Didn't get there until about midnight because my girlfriend stopped by for a little while. Only the few regular mullet dudes were out there. Made my way out to my usual spot and stayed very busy reeling in the grunts. Was cut off about 10 times by some very big blue fish. Only got the one on deck and he was small in comparison to the others but I don't care for them much because they just taste too fishy. Steady 5-10 mph north wind was blowing and it got to be about 38 degrees by 4am. Pretty cold except I made a small area I could get into so I could warm up when needed. Worked like a champ :thumbsup:


----------



## jakec (Oct 14, 2010)

got out there about 6 and stayed till 10. the grunts are still there. we caught tons of them and a few white trout. had 2 good runs on the 4/0 but no hookups just half a pinfish brought back in. the tide was the worst possible while we were there. at the bait shop i talked to some guys that said they havent caught a red out there in 4 days and theyve been there every night for 2 weeks. not much wind and only 3 other people on the bridge. it wasnt even that cold. had a good time though and will prob go again tonight.


----------



## southern yakker (Jun 25, 2012)

jakec said:


> got out there about 6 and stayed till 10. the grunts are still there. we caught tons of them and a few white trout. had 2 good runs on the 4/0 but no hookups just half a pinfish brought back in. the tide was the worst possible while we were there. at the bait shop i talked to some guys that said they havent caught a red out there in 4 days and theyve been there every night for 2 weeks. not much wind and only 3 other people on the bridge. it wasnt even that cold. had a good time though and will prob go again tonight.

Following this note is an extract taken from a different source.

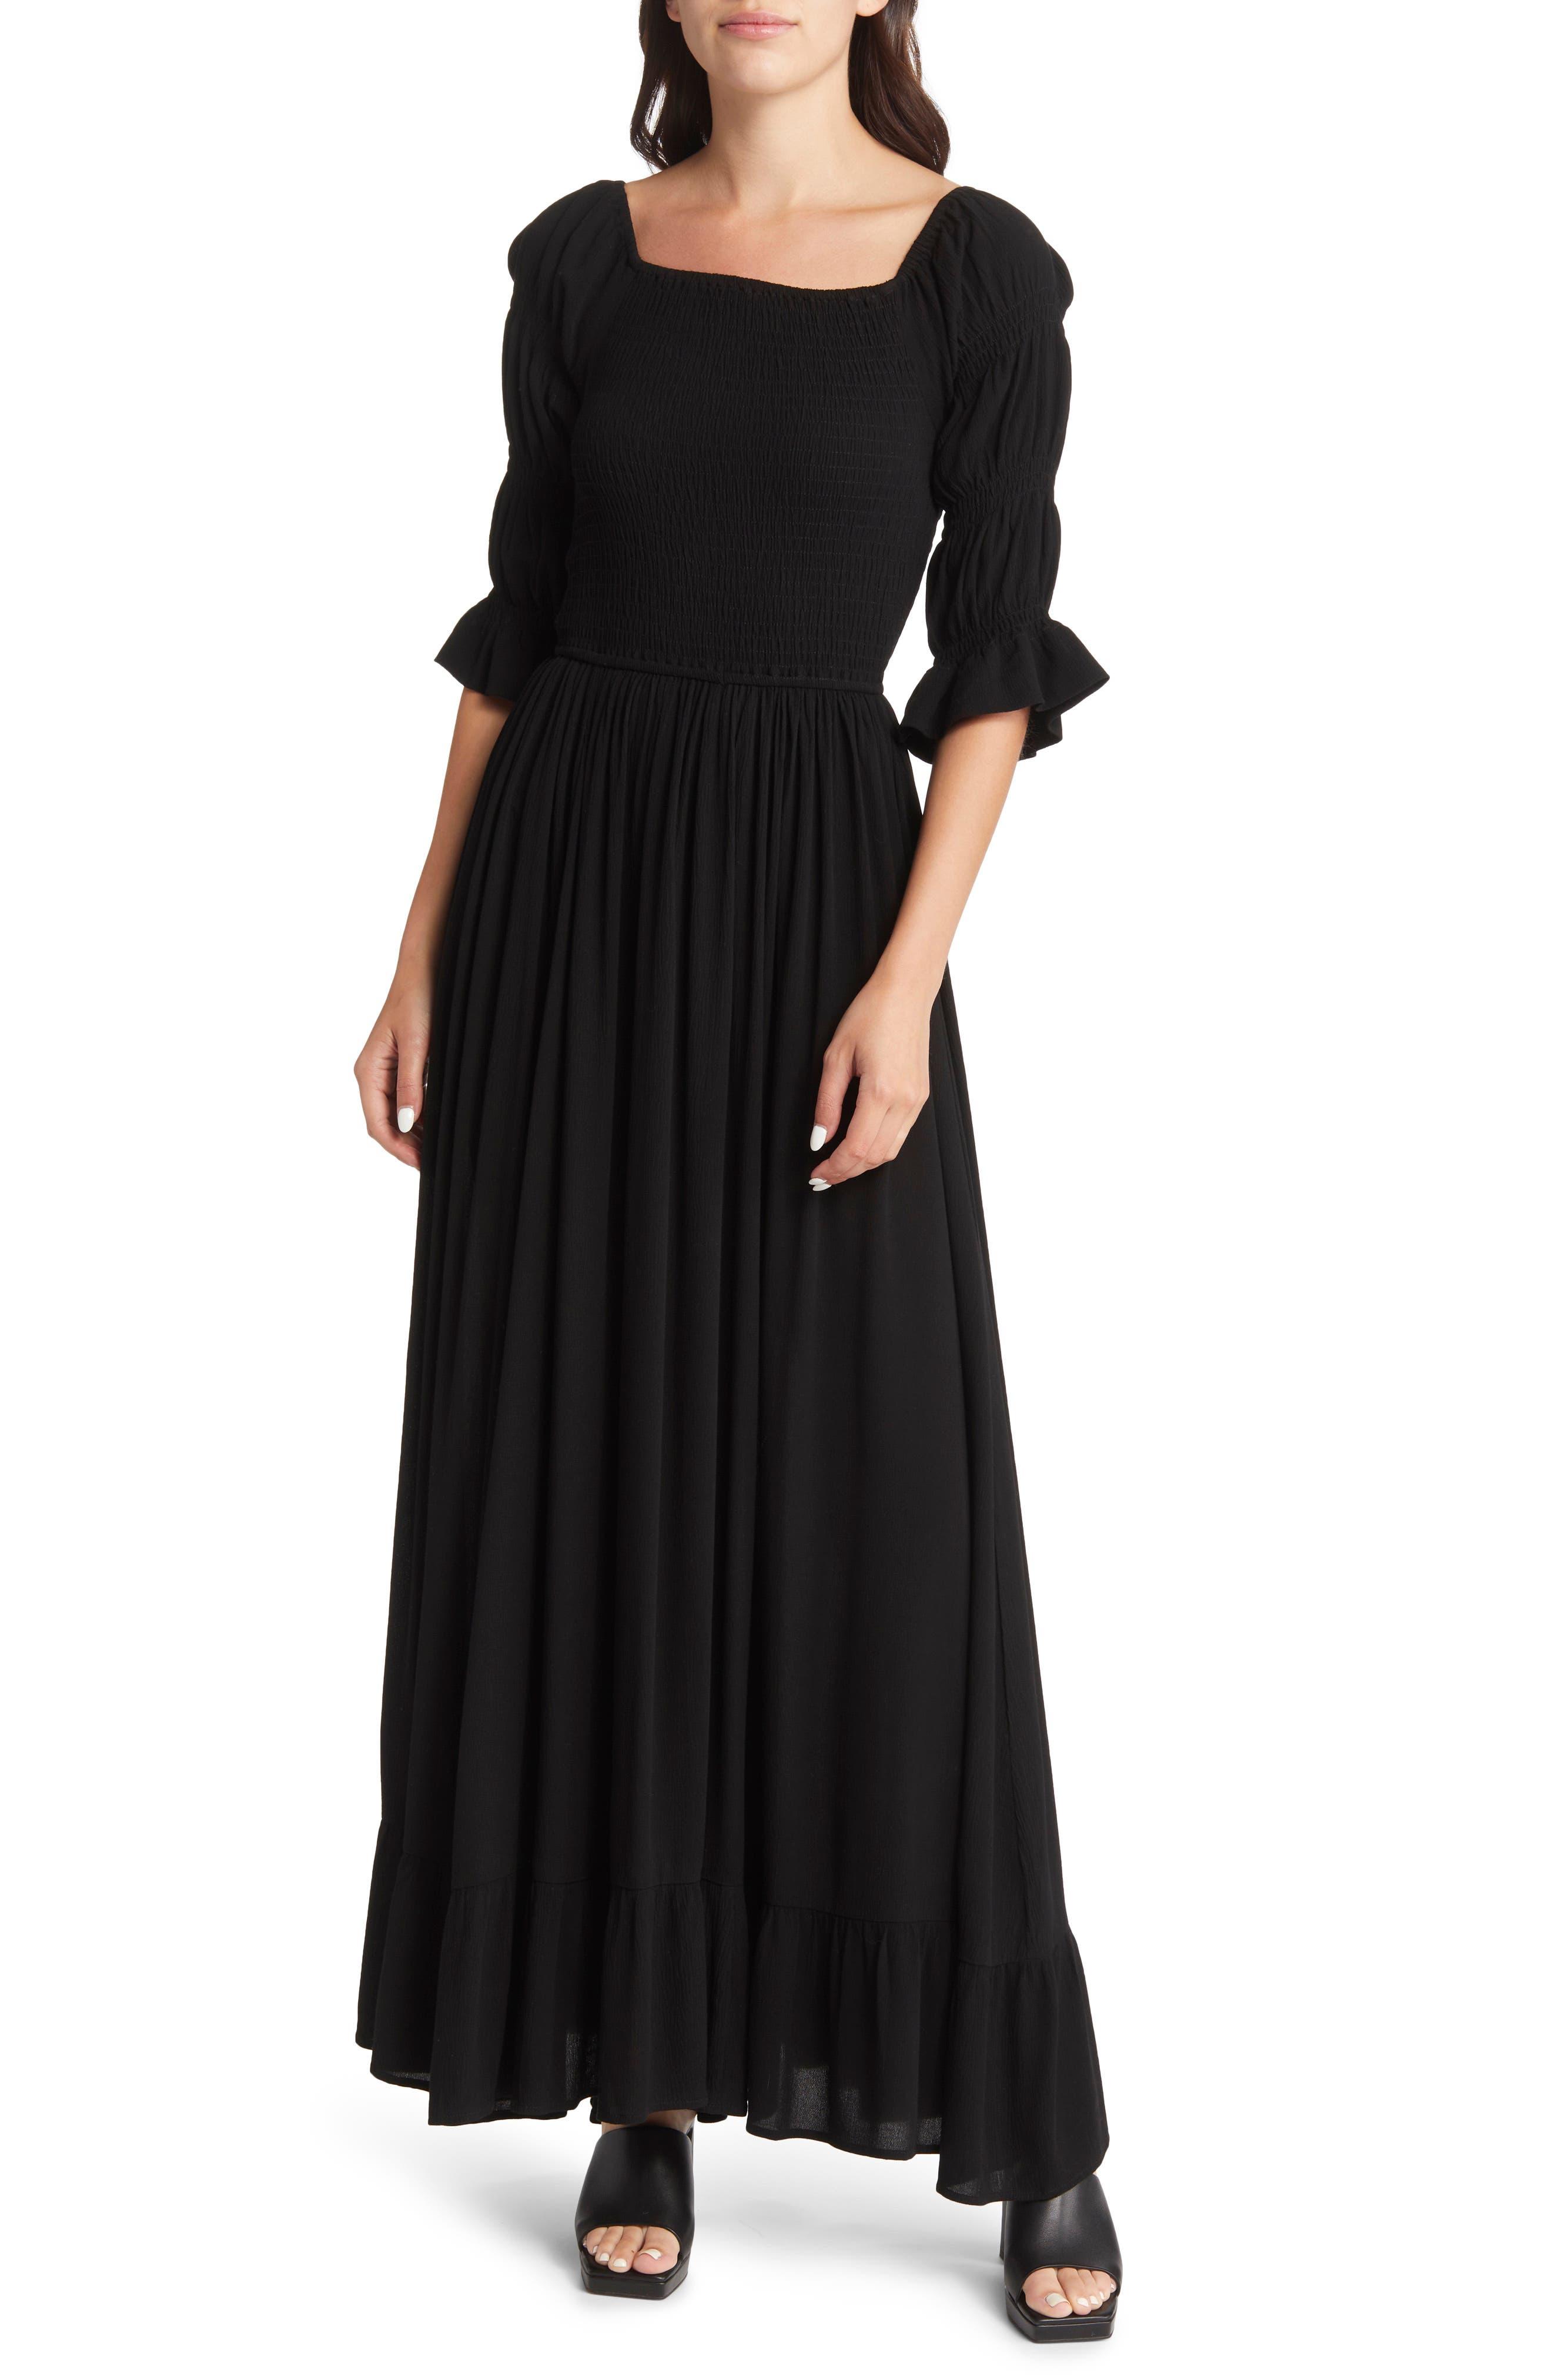 AREA STARS Smocked Bodice Maxi Dress in Black | Lyst

I was the one out the bait shop you talked to. The reds have slacked off a lot at bob sikes. We went to pickens and we each caught one bull a piece and a bunch of blues.

We got snapped off a lot and we could see the reds schooling.


----------



## jakec (Oct 14, 2010)

cool man sounds like yall had a pretty good night. i shoulda listened too you and went with yall. yall going again tonight?


----------



## southern yakker (Jun 25, 2012)

jakec said:


> cool man sounds like yall had a pretty good night. i shoulda listened too you and went with yall. yall going again tonight?


Yeah we will be at fort pickens again tonight.


----------



## Smarty (Nov 23, 2008)

When I was leaving there was still one guy with a cast net. He had just pulled up about 10 large mullet and a red about 26in. They are there but the blues are running hard and taking over for now.


----------